#### ACTIVITY
Reproduce verbatim the line where "Volvo 240 DL emblems" occurs, along with all following lines down to the last line of the data.
..........
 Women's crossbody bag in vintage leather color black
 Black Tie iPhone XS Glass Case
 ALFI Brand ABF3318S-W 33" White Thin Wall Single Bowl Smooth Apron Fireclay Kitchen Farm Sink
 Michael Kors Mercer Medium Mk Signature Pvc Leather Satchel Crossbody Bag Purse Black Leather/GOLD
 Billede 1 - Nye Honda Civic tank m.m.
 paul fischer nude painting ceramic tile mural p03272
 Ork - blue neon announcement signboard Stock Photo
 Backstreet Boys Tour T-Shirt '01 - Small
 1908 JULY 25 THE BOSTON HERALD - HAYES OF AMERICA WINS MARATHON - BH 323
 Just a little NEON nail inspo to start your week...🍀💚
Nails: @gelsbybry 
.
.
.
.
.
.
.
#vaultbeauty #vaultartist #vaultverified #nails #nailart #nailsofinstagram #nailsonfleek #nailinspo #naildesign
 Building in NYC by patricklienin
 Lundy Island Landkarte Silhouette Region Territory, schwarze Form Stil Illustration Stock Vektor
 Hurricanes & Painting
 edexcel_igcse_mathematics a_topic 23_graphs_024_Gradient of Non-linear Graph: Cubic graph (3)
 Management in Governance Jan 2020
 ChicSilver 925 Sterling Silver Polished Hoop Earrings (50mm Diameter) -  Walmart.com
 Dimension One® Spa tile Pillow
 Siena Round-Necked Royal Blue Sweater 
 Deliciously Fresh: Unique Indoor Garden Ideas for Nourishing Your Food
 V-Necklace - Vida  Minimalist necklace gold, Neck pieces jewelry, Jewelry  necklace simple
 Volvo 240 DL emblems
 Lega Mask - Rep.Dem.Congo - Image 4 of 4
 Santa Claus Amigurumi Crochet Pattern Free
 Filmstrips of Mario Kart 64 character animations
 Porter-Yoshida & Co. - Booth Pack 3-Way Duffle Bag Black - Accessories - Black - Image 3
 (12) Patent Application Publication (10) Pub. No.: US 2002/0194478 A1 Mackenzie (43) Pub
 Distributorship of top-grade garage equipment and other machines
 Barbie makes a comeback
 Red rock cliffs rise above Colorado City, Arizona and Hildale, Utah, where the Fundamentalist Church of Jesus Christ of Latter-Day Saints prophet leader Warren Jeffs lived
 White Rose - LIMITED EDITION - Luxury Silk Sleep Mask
..........
#### TASK SOLUTION
 Volvo 240 DL emblems
 Lega Mask - Rep.Dem.Congo - Image 4 of 4
 Santa Claus Amigurumi Crochet Pattern Free
 Filmstrips of Mario Kart 64 character animations
 Porter-Yoshida & Co. - Booth Pack 3-Way Duffle Bag Black - Accessories - Black - Image 3
 (12) Patent Application Publication (10) Pub. No.: US 2002/0194478 A1 Mackenzie (43) Pub
 Distributorship of top-grade garage equipment and other machines
 Barbie makes a comeback
 Red rock cliffs rise above Colorado City, Arizona and Hildale, Utah, where the Fundamentalist Church of Jesus Christ of Latter-Day Saints prophet leader Warren Jeffs lived
 White Rose - LIMITED EDITION - Luxury Silk Sleep Mask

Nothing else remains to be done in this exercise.